Find the line containing "VINTAGE BUTTON UP SHIRT - SMALL" in the records below. Copy exactly that line and each one after it, ending at the line containing "Building - Addison", and nothing more.

■ Records for this task ■
•••
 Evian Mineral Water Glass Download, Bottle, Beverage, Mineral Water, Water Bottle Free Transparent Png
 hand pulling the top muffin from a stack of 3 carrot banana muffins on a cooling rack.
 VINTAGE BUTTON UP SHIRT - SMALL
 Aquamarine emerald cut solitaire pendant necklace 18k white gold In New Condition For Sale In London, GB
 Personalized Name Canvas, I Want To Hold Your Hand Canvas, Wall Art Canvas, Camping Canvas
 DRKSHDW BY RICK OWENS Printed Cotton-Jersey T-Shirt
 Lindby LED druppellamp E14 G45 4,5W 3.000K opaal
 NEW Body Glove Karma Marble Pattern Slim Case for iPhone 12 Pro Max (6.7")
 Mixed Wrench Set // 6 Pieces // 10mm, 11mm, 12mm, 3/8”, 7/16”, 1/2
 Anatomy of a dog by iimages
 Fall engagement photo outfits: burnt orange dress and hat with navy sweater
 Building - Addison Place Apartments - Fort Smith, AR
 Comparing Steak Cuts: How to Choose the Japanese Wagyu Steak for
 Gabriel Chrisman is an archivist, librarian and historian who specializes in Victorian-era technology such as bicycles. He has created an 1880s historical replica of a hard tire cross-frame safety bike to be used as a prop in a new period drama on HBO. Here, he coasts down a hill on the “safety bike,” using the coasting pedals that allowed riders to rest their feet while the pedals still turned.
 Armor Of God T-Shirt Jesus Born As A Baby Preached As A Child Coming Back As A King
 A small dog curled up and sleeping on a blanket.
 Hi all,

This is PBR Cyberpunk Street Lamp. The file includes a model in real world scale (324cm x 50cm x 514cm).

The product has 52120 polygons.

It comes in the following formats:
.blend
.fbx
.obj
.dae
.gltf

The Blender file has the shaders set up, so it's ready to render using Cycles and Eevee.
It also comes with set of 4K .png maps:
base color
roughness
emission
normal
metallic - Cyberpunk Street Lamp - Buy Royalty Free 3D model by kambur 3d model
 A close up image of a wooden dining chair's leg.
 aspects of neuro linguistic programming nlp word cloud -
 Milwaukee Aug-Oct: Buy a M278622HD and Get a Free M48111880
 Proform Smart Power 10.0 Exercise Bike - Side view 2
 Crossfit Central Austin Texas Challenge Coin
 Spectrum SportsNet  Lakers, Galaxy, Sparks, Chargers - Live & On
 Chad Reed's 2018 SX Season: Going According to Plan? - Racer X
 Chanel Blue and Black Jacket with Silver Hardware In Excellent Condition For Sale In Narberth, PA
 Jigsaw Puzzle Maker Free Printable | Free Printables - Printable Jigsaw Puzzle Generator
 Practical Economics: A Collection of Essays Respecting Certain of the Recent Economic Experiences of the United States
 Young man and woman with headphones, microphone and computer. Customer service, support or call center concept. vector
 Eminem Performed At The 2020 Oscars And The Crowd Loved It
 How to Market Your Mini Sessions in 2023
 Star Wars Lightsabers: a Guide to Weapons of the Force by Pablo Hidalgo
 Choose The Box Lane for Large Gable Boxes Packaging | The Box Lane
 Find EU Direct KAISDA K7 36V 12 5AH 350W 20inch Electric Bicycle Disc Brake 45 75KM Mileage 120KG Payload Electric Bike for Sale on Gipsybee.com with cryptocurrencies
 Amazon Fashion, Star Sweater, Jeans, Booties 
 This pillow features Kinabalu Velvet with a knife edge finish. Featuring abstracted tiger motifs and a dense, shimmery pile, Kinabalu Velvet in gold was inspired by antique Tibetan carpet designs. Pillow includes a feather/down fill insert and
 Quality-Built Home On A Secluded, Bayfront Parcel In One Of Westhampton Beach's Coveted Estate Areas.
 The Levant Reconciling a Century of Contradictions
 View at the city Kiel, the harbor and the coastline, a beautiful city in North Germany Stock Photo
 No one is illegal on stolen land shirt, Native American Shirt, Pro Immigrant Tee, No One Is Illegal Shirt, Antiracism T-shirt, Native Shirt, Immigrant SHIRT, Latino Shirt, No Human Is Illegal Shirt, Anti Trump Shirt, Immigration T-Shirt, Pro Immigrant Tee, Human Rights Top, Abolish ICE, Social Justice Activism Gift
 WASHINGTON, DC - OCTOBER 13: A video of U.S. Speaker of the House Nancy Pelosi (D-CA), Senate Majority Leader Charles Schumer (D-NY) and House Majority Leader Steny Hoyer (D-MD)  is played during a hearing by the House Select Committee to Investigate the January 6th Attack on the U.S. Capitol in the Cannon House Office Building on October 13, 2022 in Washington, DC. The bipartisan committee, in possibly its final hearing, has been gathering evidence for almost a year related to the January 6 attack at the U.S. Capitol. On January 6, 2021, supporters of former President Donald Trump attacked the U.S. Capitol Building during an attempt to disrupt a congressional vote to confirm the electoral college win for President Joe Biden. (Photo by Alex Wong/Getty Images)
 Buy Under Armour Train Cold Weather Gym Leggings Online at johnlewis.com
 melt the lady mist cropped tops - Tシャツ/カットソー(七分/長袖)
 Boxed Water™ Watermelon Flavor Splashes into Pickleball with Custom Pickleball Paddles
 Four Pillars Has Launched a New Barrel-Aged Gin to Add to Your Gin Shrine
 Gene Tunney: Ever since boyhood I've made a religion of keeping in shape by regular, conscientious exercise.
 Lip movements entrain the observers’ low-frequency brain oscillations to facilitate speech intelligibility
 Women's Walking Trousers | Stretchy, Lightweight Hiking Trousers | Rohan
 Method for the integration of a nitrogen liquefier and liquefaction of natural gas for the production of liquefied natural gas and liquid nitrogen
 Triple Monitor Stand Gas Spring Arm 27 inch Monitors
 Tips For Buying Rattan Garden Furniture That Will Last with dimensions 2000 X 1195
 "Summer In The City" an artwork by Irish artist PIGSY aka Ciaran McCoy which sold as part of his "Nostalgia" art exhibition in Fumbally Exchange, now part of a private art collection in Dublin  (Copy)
•••
■ Answer section ■
 VINTAGE BUTTON UP SHIRT - SMALL
 Aquamarine emerald cut solitaire pendant necklace 18k white gold In New Condition For Sale In London, GB
 Personalized Name Canvas, I Want To Hold Your Hand Canvas, Wall Art Canvas, Camping Canvas
 DRKSHDW BY RICK OWENS Printed Cotton-Jersey T-Shirt
 Lindby LED druppellamp E14 G45 4,5W 3.000K opaal
 NEW Body Glove Karma Marble Pattern Slim Case for iPhone 12 Pro Max (6.7")
 Mixed Wrench Set // 6 Pieces // 10mm, 11mm, 12mm, 3/8”, 7/16”, 1/2
 Anatomy of a dog by iimages
 Fall engagement photo outfits: burnt orange dress and hat with navy sweater
 Building - Addison Place Apartments - Fort Smith, AR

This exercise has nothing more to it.